Di sisi lain, Jaksa Penuntut Umum (JPU) Kejaksaan Negeri Sumenep, R. Teddy Romius, menjelaskan bahwa Surat Keputusan (SK) Kredit Pensiunan atas nama Abdul Hamid dalam amar putusan majelis hakim belum dapat langsung diserahkan kepada korban karena hingga saat ini masih terdapat potongan kredit yang berjalan.

"Kenapa di amar putusan majelis hakim SK Kredit Pensiunan Abdul Hamid dikembalikan ke BRI Sumenep, sebab di situ masih ada potongan kredit," ujar Teddy kepada wartawan, Selasa (23/6/2026).

Menurutnya, apabila tidak ada lagi kewajiban pembayaran kredit yang masih dipotong setiap bulan, dokumen tersebut seharusnya dapat langsung diserahkan kepada pemiliknya.

"Andaikan tidak ada pemotongan, maka SK tersebut langsung diberikan kepada korban dalam hal ini Abdul Hamid," lanjutnya.

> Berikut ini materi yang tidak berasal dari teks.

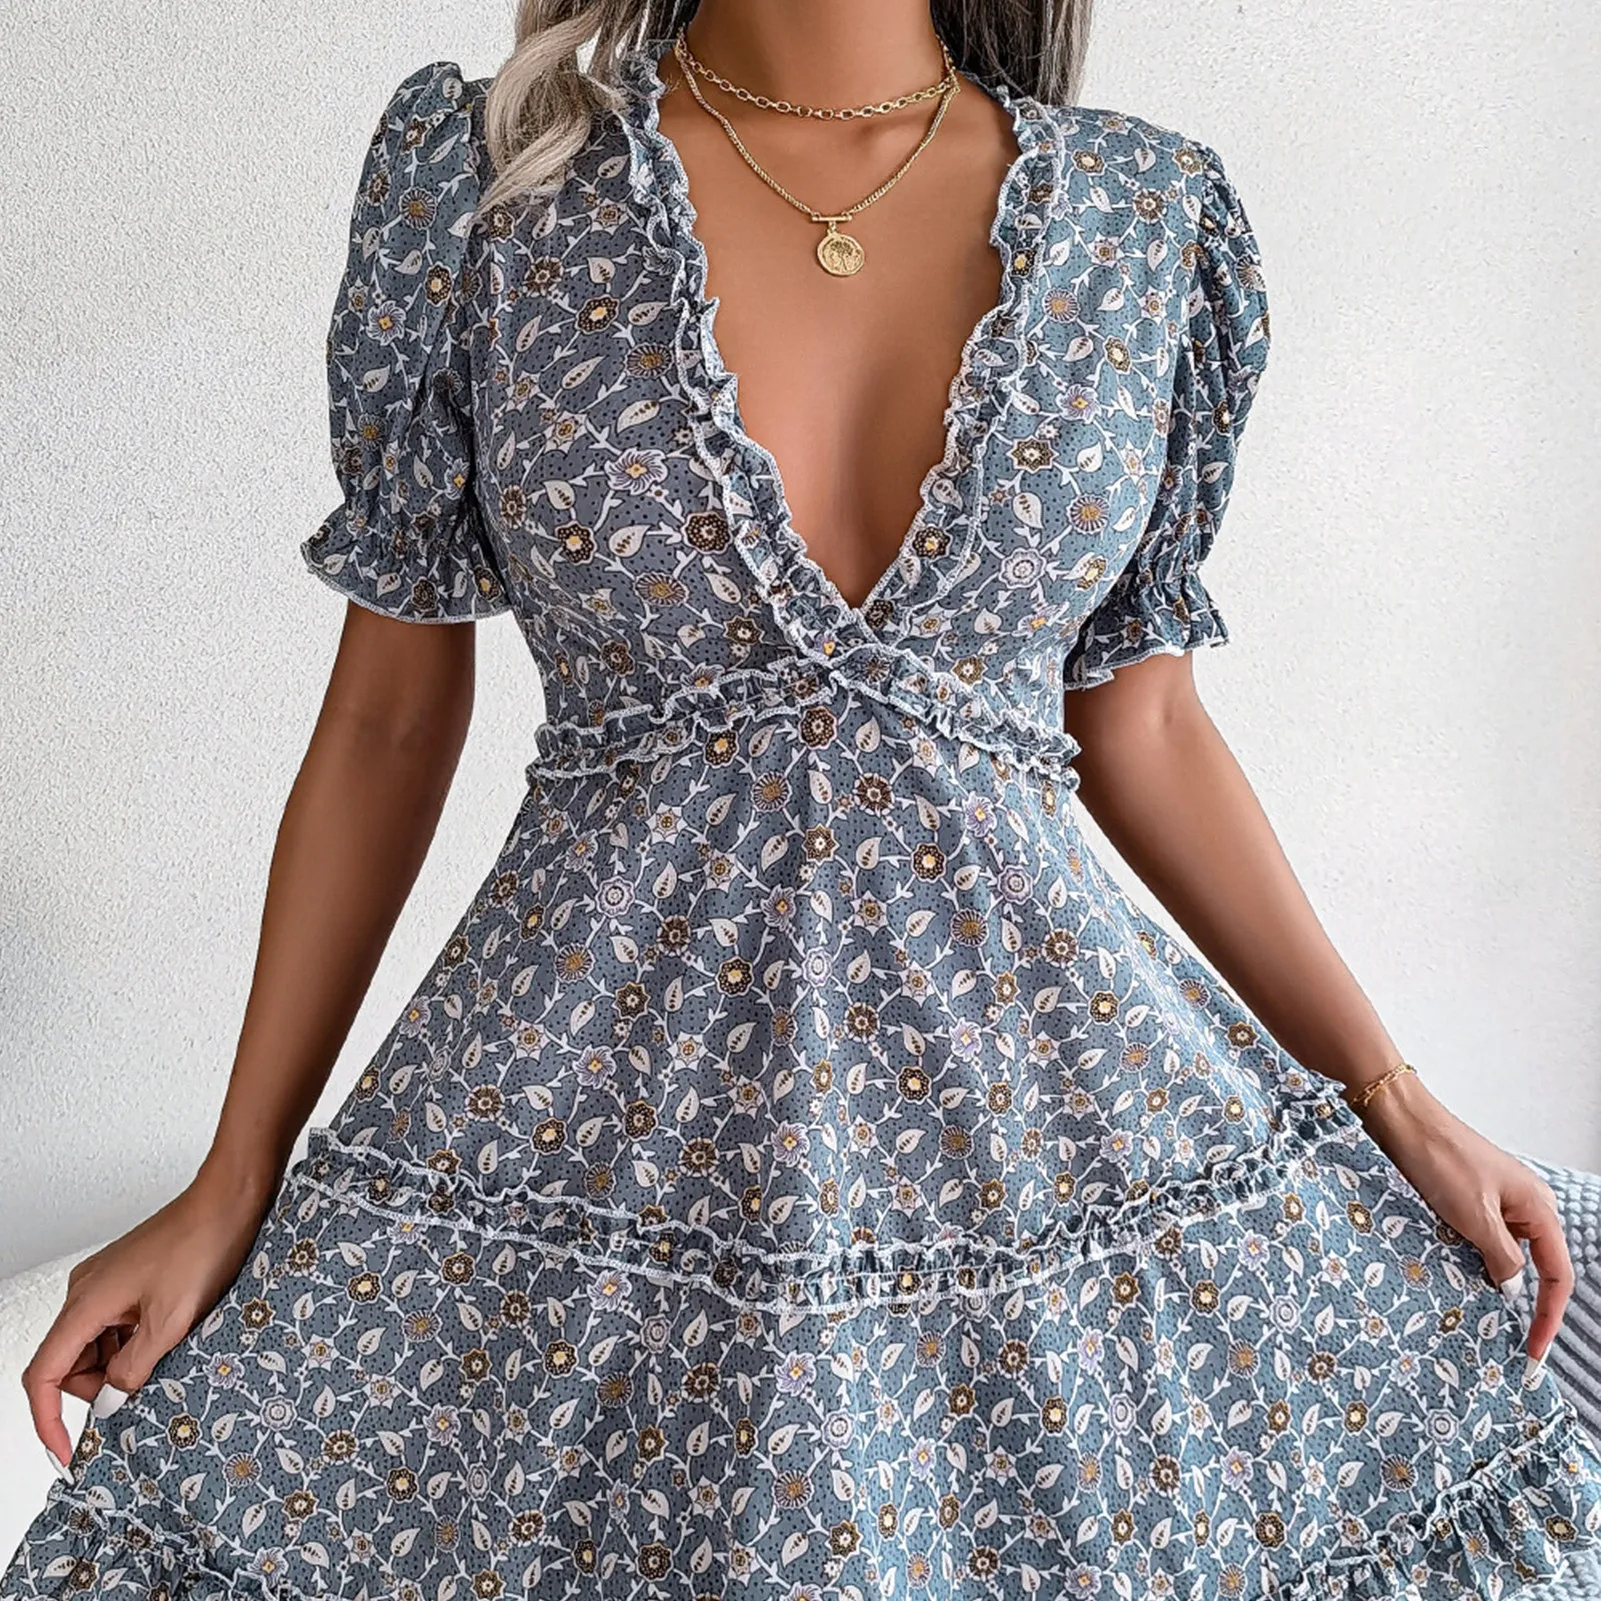 

Spring Summer Ladies Dress Deep V-neck Floral Print Mini Dress Large Swing Fashion European Wood Ears Ruffles for Cocktail Party

Teddy mengatakan, pihak kejaksaan masih menunggu putusan perkara tersebut memperoleh kekuatan hukum tetap atau inkrah, mengingat terdakwa masih memiliki hak untuk menempuh upaya hukum lanjutan.

"Saat ini kita masih menunggu hukum berkekuatan tetap. Saya juga mengantisipasi kalau terdakwa melakukan banding, maka saya selaku JPU juga akan melakukan banding," katanya.

Meski demikian, ia memastikan pihak kejaksaan bersama keluarga korban akan segera mengambil langkah lanjutan setelah putusan berkekuatan hukum tetap diterbitkan.

"Kalau sudah keluar putusan inkrah, saya selaku JPU dan keluarga korban berikut kuasa hukumnya, mari datangi Kantor BRI Cabang Sumenep," tegasnya.

Menurut Teddy, pertemuan tersebut bertujuan untuk meminta pengembalian SK pensiun milik Abdul Hamid sekaligus penghentian fasilitas kredit yang hingga kini masih berjalan.

"Yang jelas, kami akan menemui pimpinannya bersama pihak keluarga korban. Dalam pertemuan itu juga kami akan meminta SK milik Abdul Hamid dikembalikan, kreditnya yang masih berjalan untuk disetop," ujarnya.

Sementara mengenai kemungkinan pengembalian dana hasil pemotongan kredit yang telah berlangsung selama bertahun-tahun, Teddy menyebut hal itu merupakan ranah kebijakan pihak perbankan.

"Untuk persoalan apakah potongan dari kredit itu juga wajib dikembalikan oleh pihak bank, silakan konfirmasi ke BRI Sumenep," katanya.

Sebelumnya, perwakilan Divisi Risiko BRI Cabang Sumenep, Rully Agusta, menyampaikan bahwa seluruh aspirasi dan tuntutan yang disampaikan keluarga korban telah diterima dan akan diteruskan kepada jajaran pimpinan BRI untuk menjadi bahan pertimbangan.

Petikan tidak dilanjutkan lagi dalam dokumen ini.